I had some pretty strange dreams last night. I was pregnant with twins (!). Even stranger, though, I spent $25.03 on doughnuts, which I would never, ever do. Chocolate or wine? You bet. But not doughnuts, even the oft-moaned-over Krispy Kreme varieties.
In any case, as I don't have the greatest dream recall, waking up with these images made me think about dreams of both the soporific and fantasy variety. What were my long-ago dreams? Have many, or any, of them come true?
I don't have many memories of childhood dreams. The earliest ones I really recall clearly took form in my early college days, when I fantasized about becoming a newscaster. I planned to call myself Liz Vincent (Vincent is my father's name; Stankiewicz was a bit...problematic) and completely envisioned myself behind a desk, all blond bangs and round, rosy cheeks.
But that's as far as the vision went. Never in those imaginations did I see myself toiling away year after year, waiting for my big break as I stood outside on a freezing night at 11 p.m. for a background shot for some story or other. I was always just conveniently plunked behind the newsdesk, smiling away at my own living-large self.
I guess that's the thing about those kinds of dreams. While they're worth having, and for some of us worth pursuing, they don't come for free. It's all well and good to believe you can do or be anything you want to--and you can--but not without a lot of effort and sacrifice. And time would soon reveal that I hated standing outside in the cold, so to speak. A warm kitchen and hot bath turned out to be more my speed.

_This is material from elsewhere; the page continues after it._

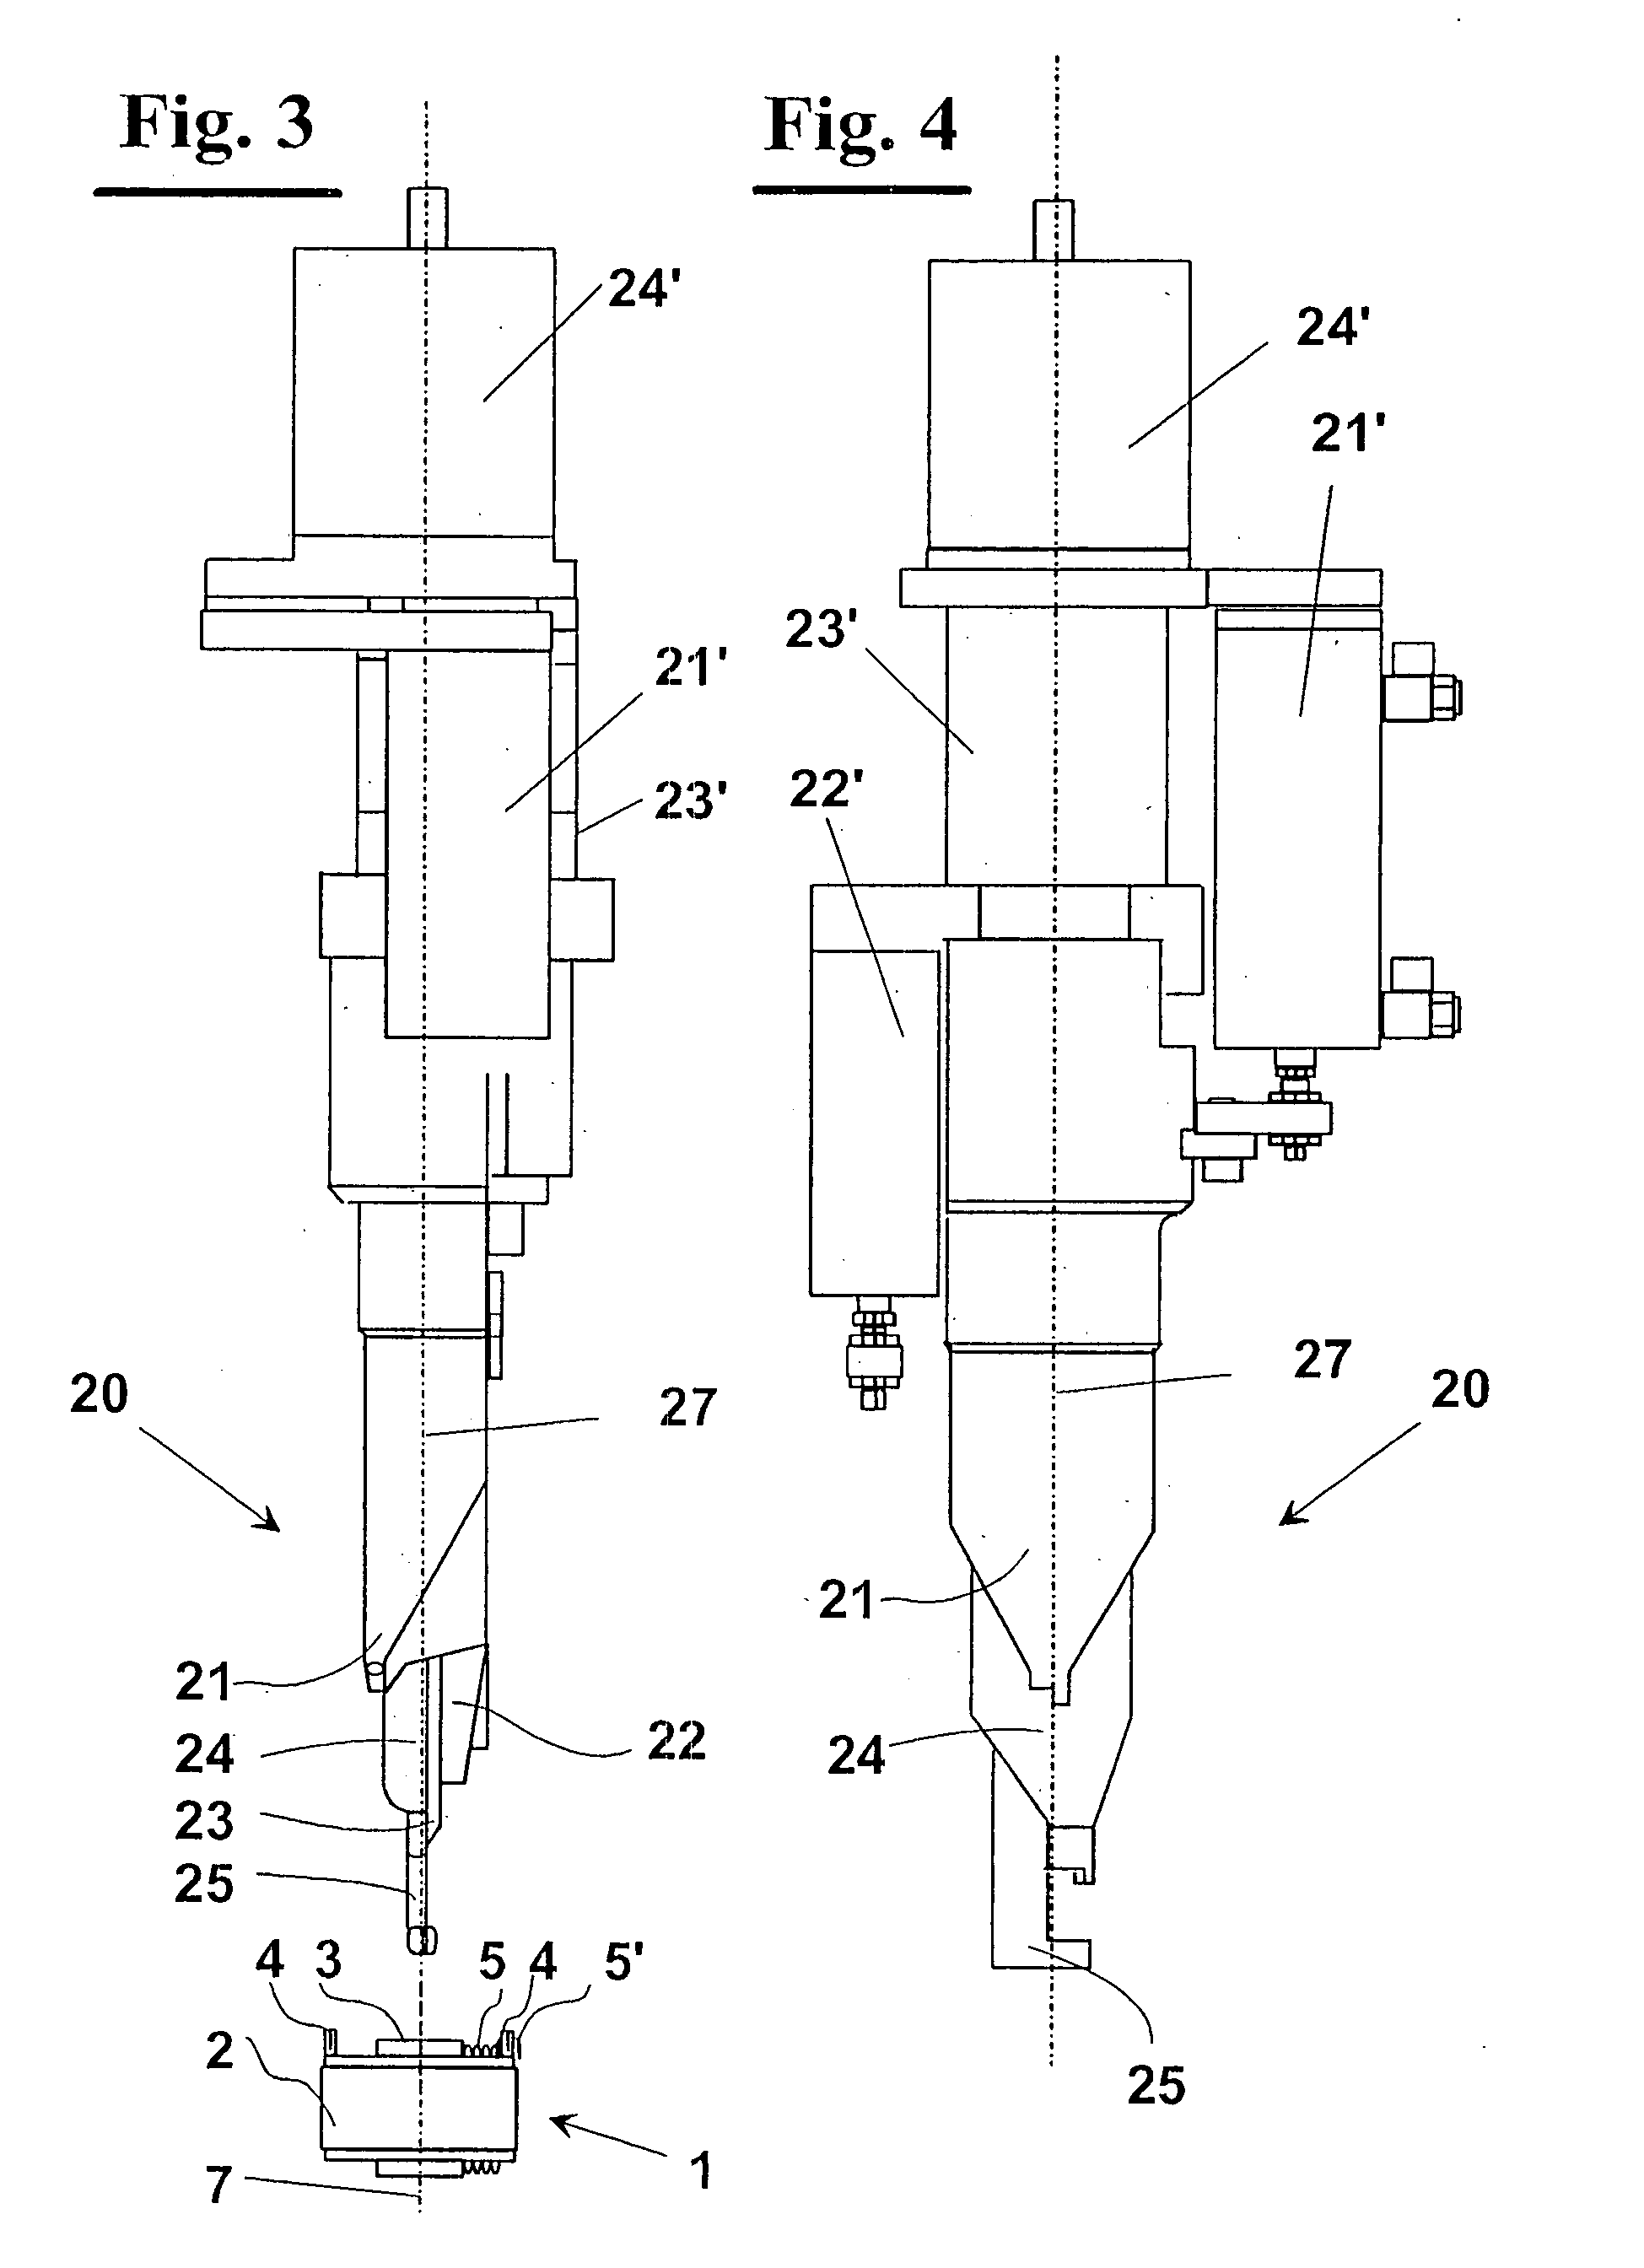 Method and apparatus for wire termination on outwardly spooled multi-pole stators

And as I (and the majority of those reading this, I imagine) find myself at that point of life where this is "kinda it for now," as one of my friends says, I look back on that old dream and wonder if I really let myself down somewhere along the way. Would that girl ever have imagined the culmination of her journalistic fantasies would be covering board meetings at age 39?

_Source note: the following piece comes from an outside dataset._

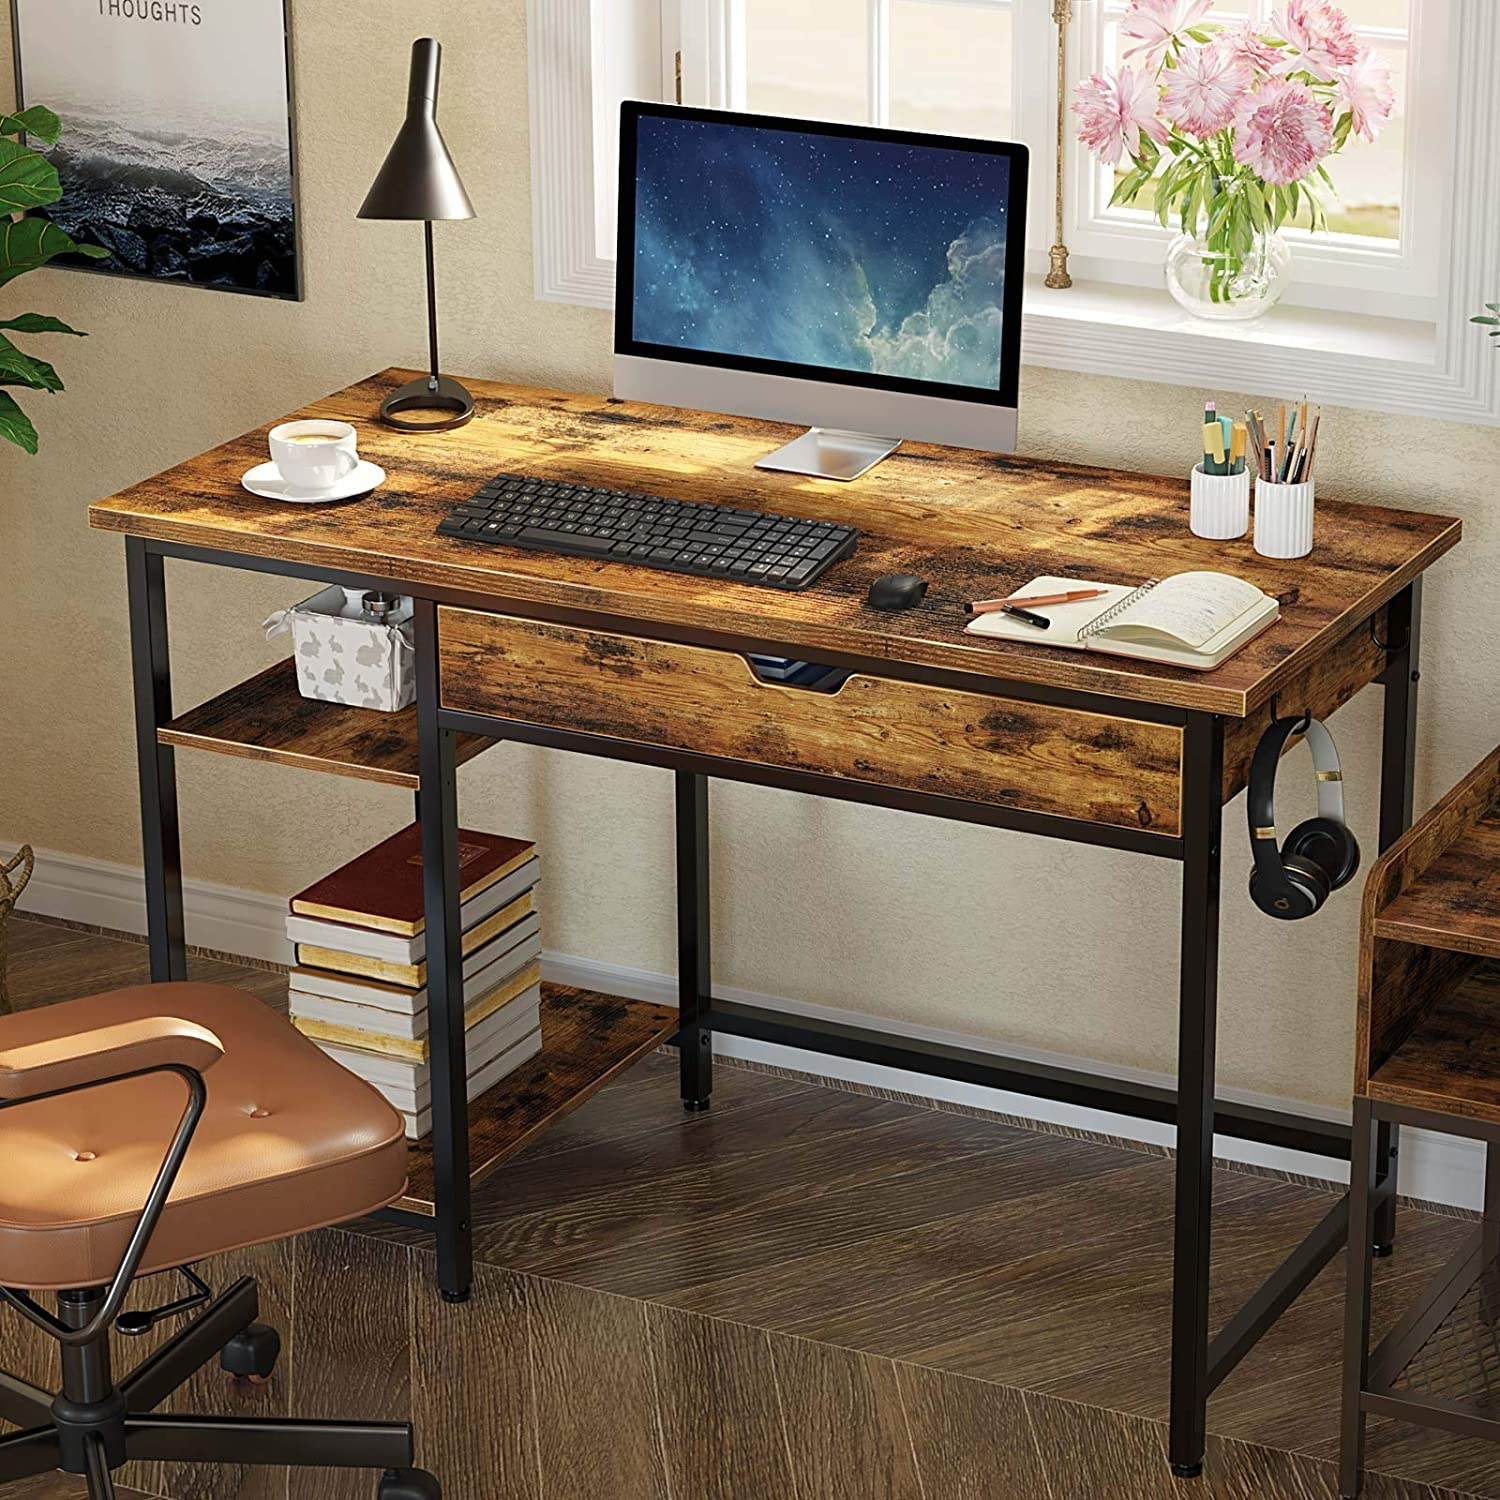 a desk with wooden and metal accents in a stylish room

On the surface, the answer to that is an obvious, huge no. But what the hell did SHE know? Because maybe it isn't just that the shape of your dreams changes...the definition does too. Because through 39-year-old eyes, two healthy kids who've always had a parent present, a solid marriage, a home, and the ability and desire to resume a calling--writing--that never quite left me all seem kind of...dreamy.